• _SOURCE MATERIAL_:
######
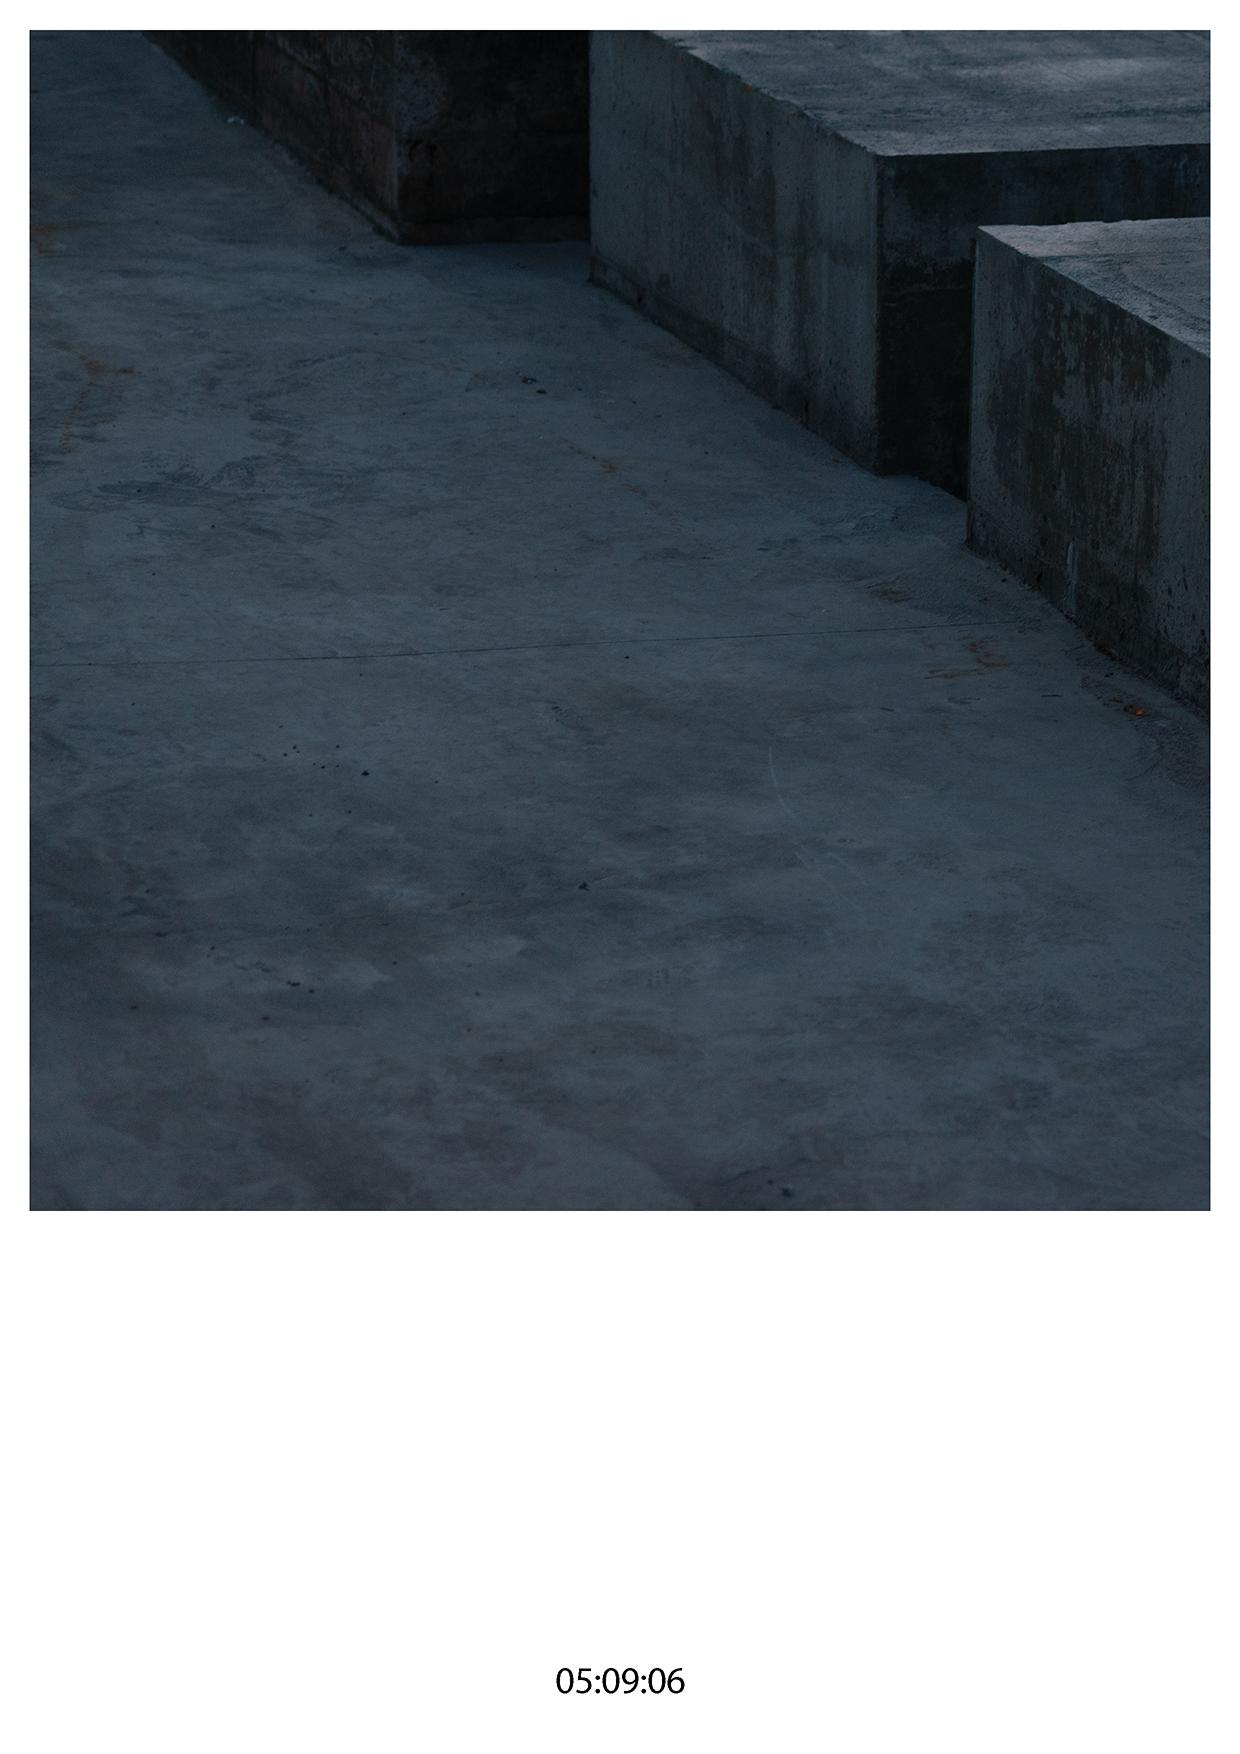 7_Amanecer.jpg
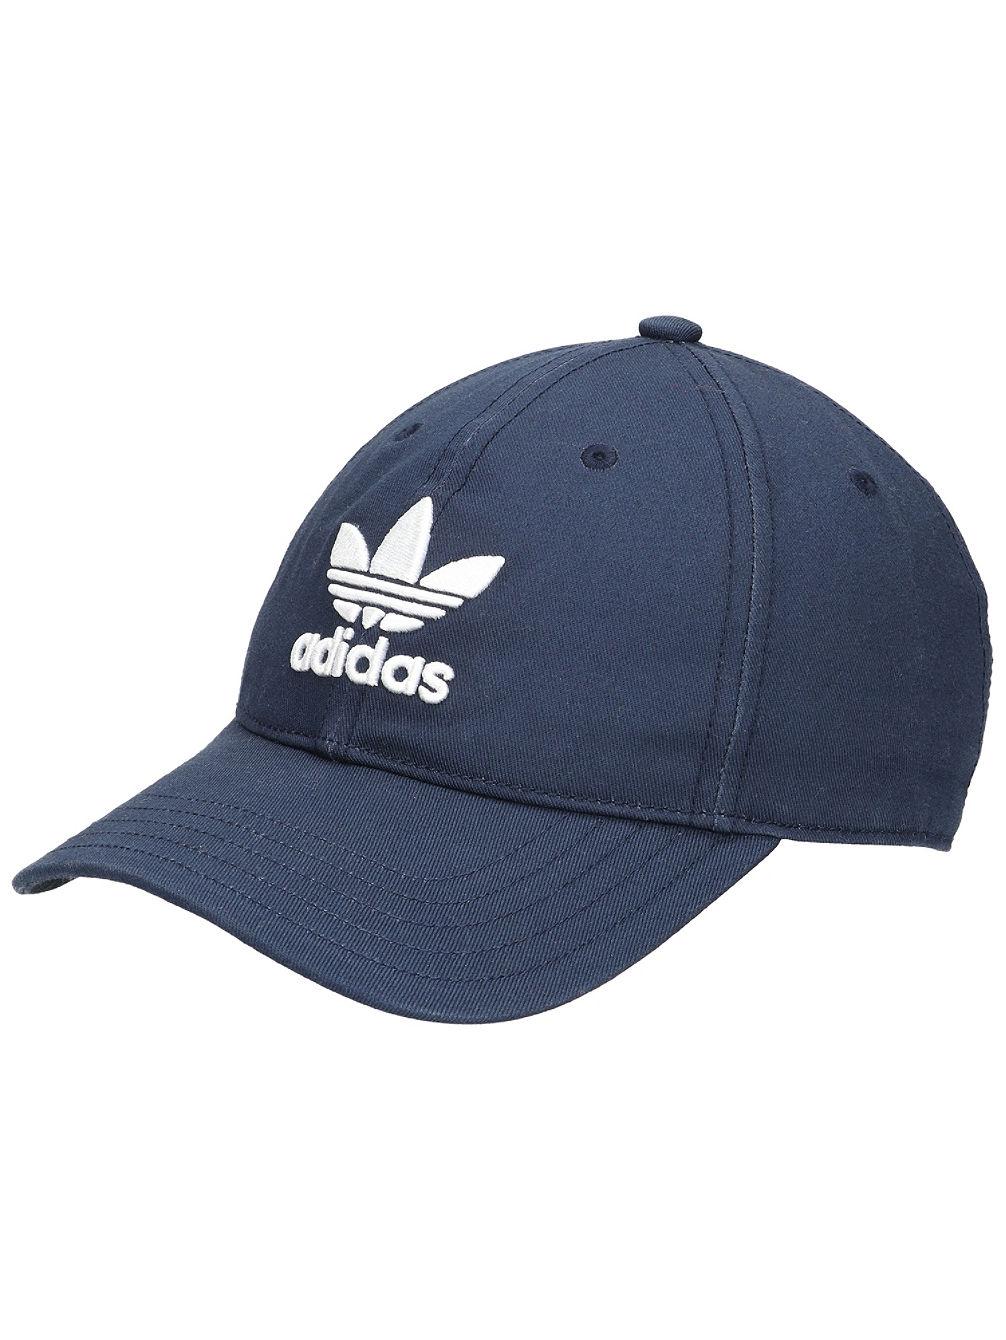 Osta adidas Originals Trefoil Lippis verkosta blue-tomato.com 2c0932b0e0
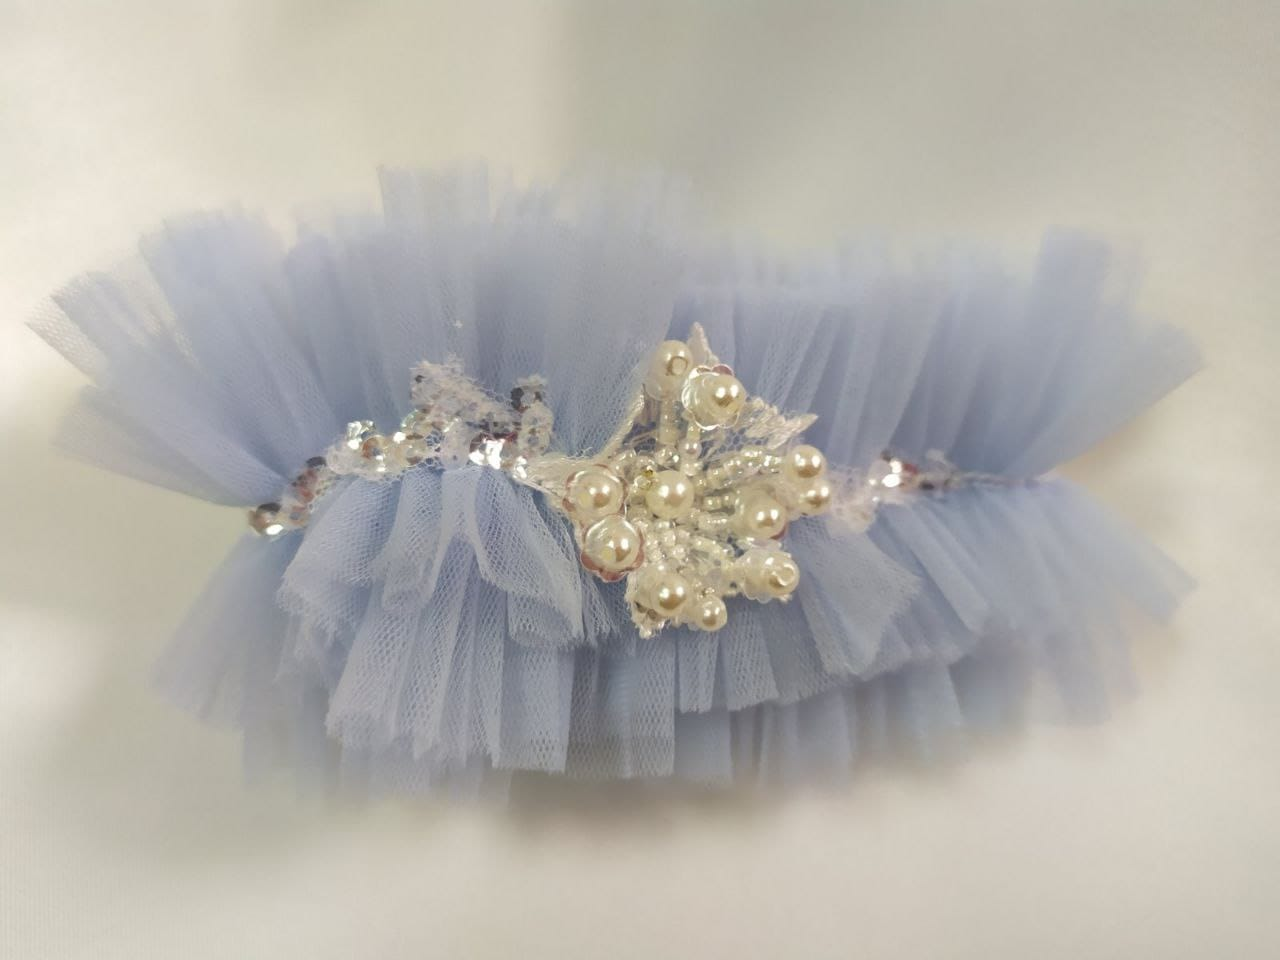 Синяя свадебная подвязка, артикул 36500003, фото №4
######
• _BRIEF_: To complete this exercise, repeat exactly the lines above from the one holding "Osta adidas Originals" to the end of the listing, both included, and leave the pictures out.

• _ANSWER BOX_:
 Osta adidas Originals Trefoil Lippis verkosta blue-tomato.com 2c0932b0e0
 Синяя свадебная подвязка, артикул 36500003, фото №4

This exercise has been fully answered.